_DATA BLOCK_:
########
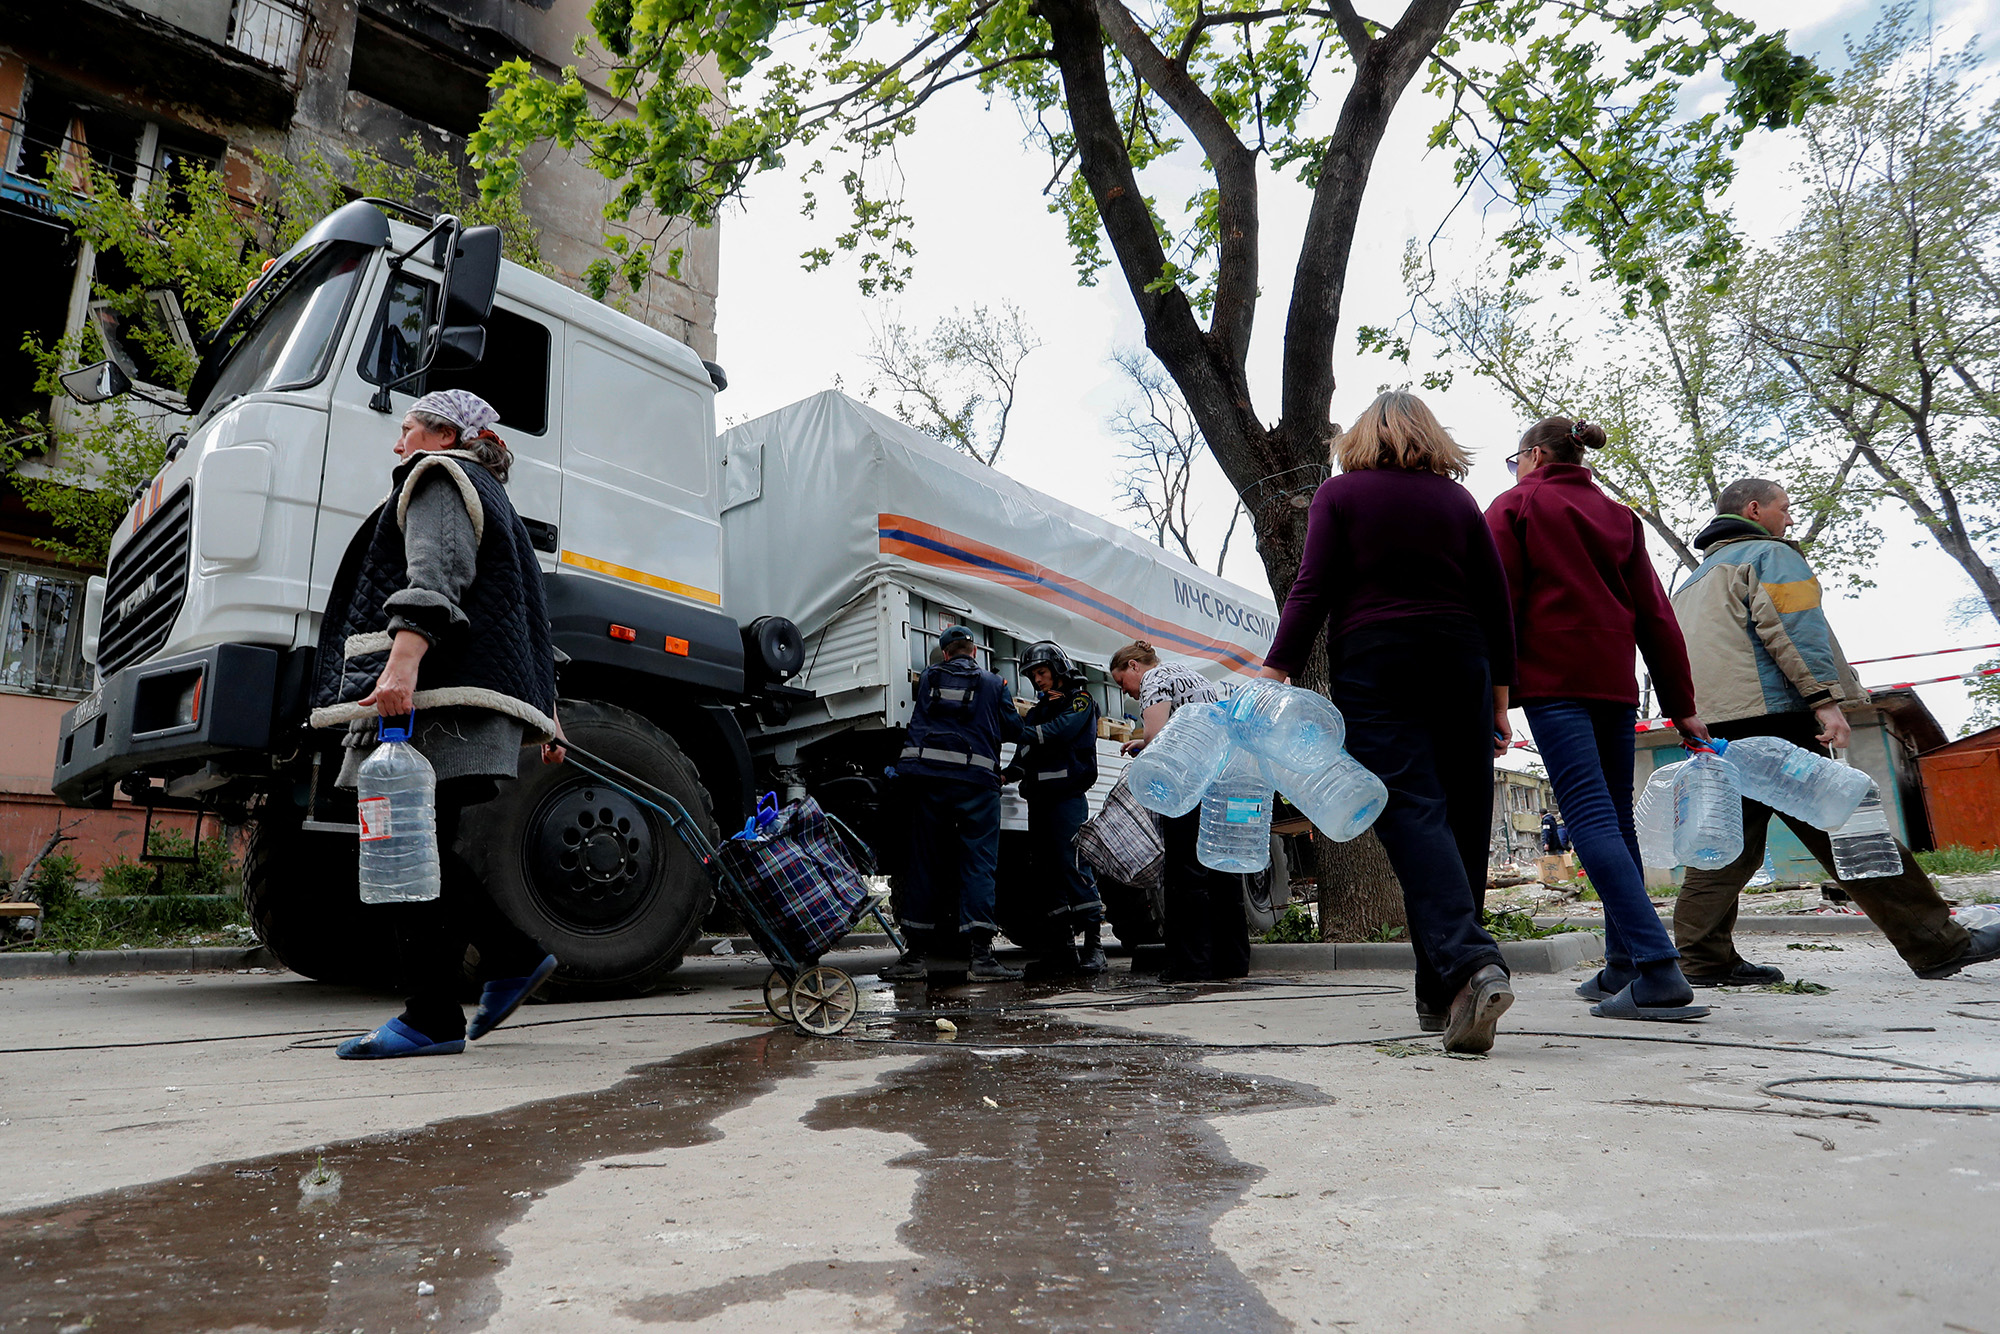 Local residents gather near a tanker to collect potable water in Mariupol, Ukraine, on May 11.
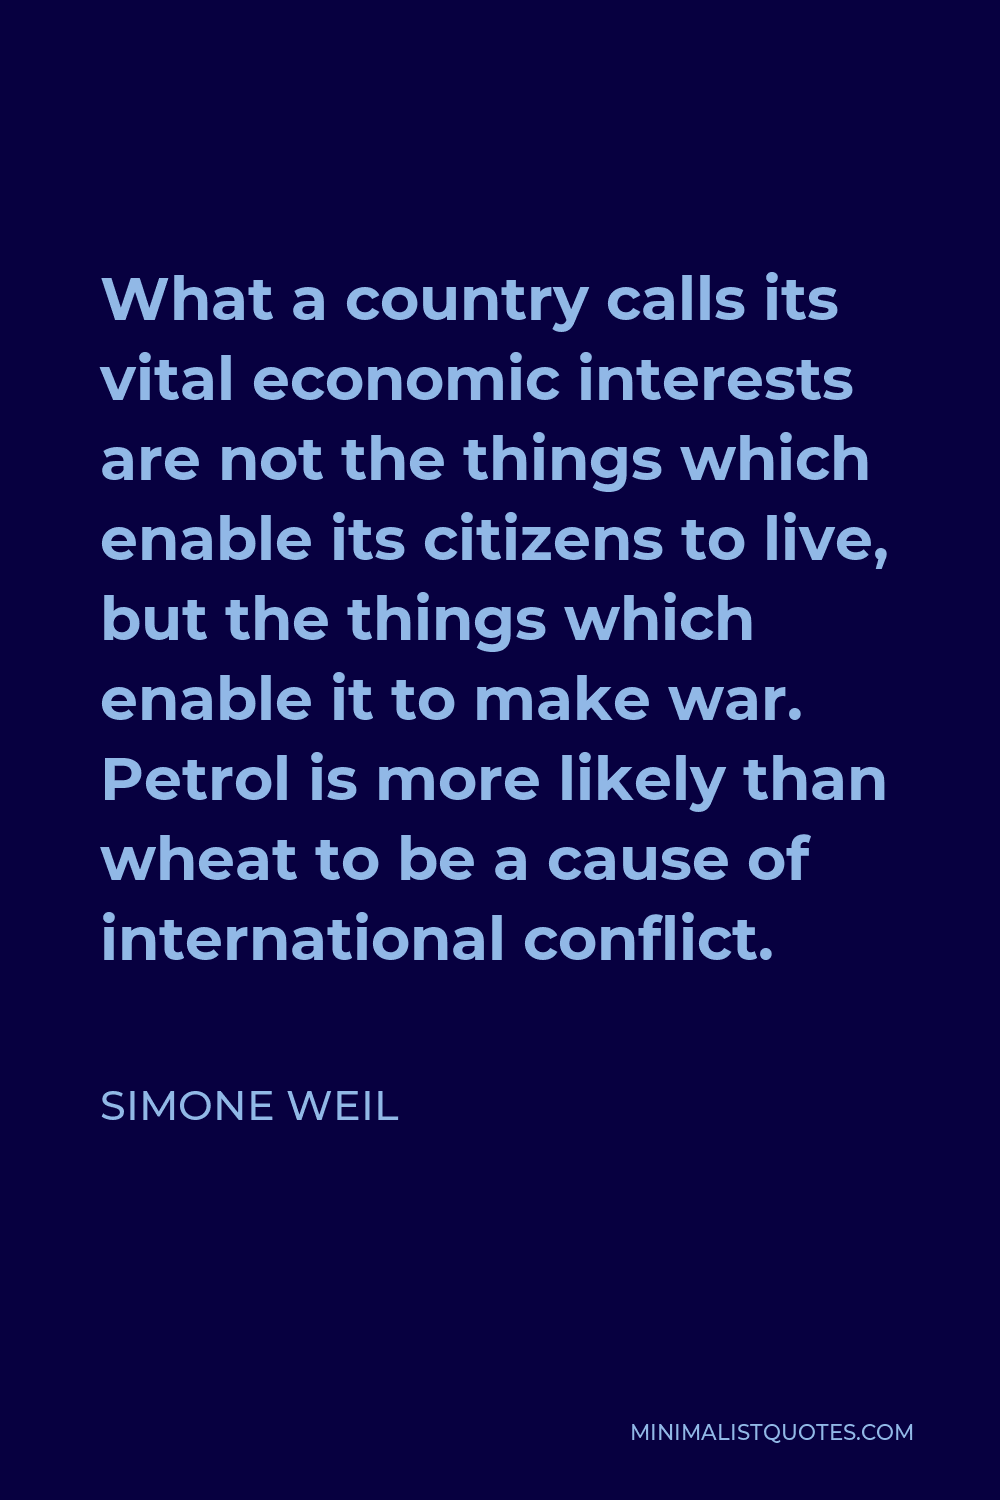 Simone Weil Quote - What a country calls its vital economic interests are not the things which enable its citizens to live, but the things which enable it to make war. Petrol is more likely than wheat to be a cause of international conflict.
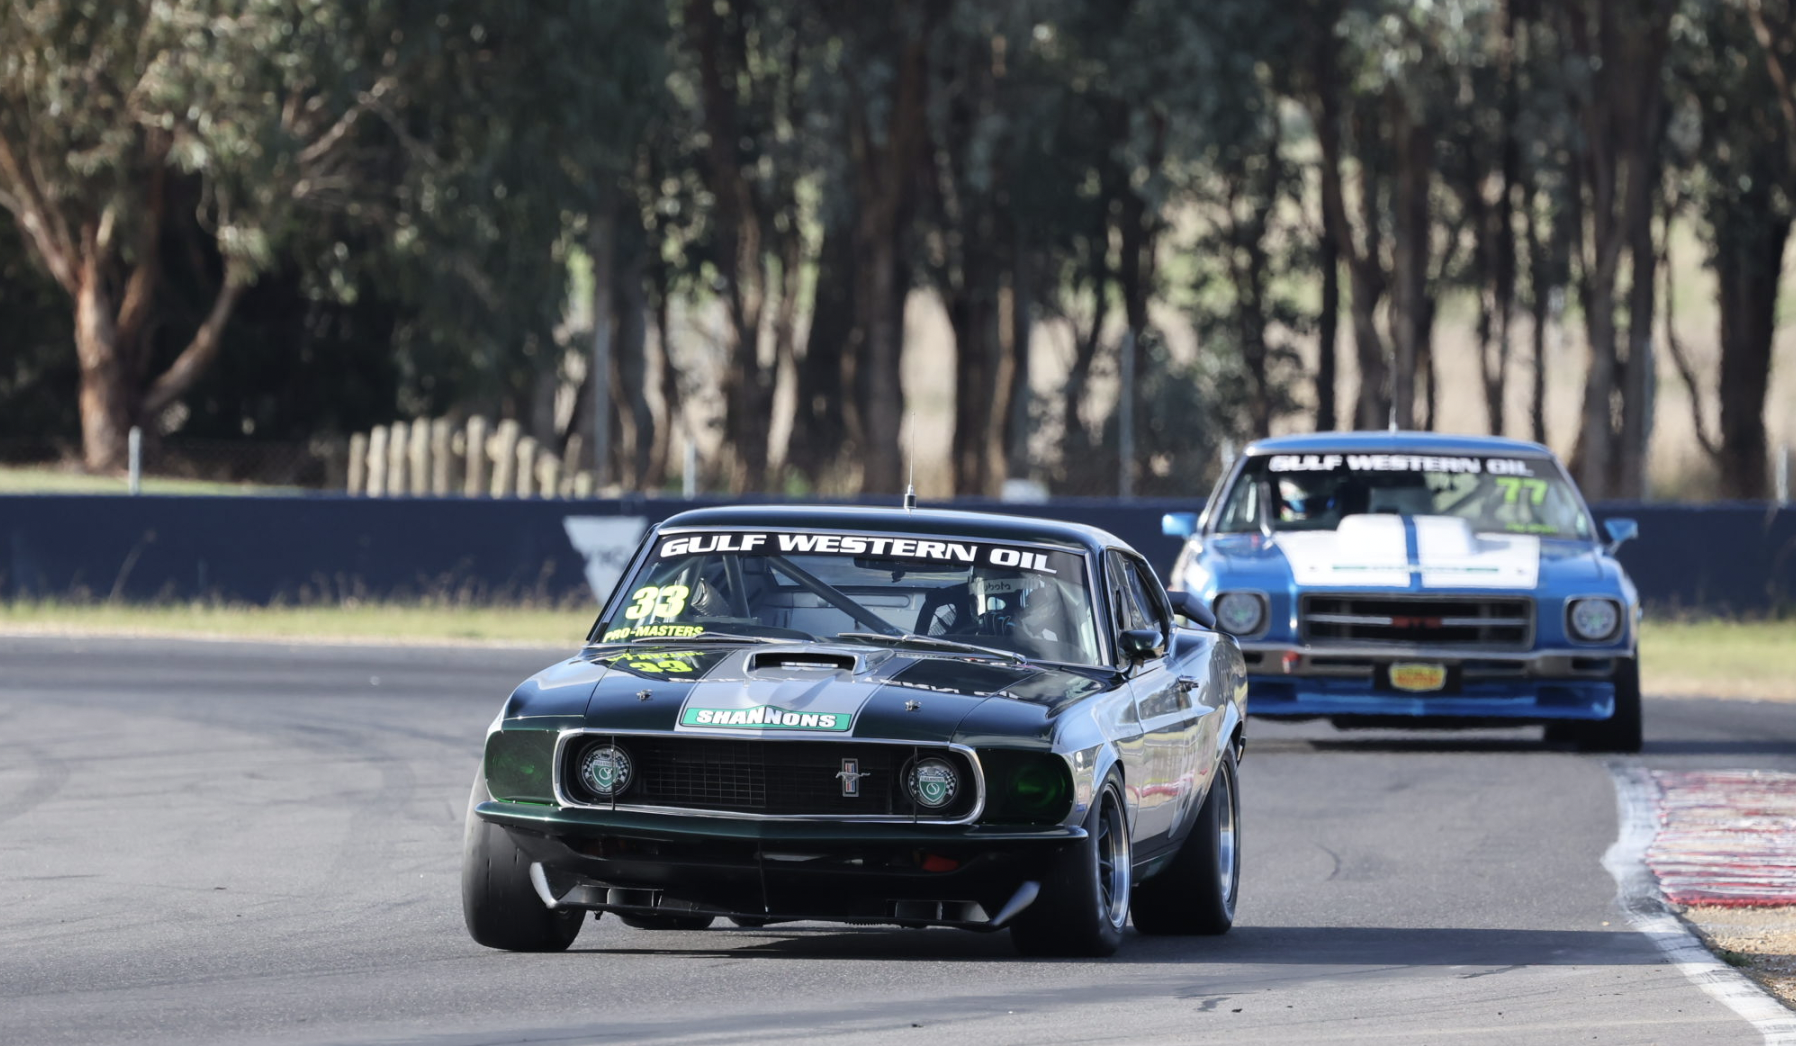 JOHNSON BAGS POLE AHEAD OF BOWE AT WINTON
########
_WORK TASK_: Take the whole listing above and copy it exactly. Pictures do not go into the copy.

_OUTPUT OF THE EXERCISE_:
 Local residents gather near a tanker to collect potable water in Mariupol, Ukraine, on May 11.
 Simone Weil Quote - What a country calls its vital economic interests are not the things which enable its citizens to live, but the things which enable it to make war. Petrol is more likely than wheat to be a cause of international conflict.
 JOHNSON BAGS POLE AHEAD OF BOWE AT WINTON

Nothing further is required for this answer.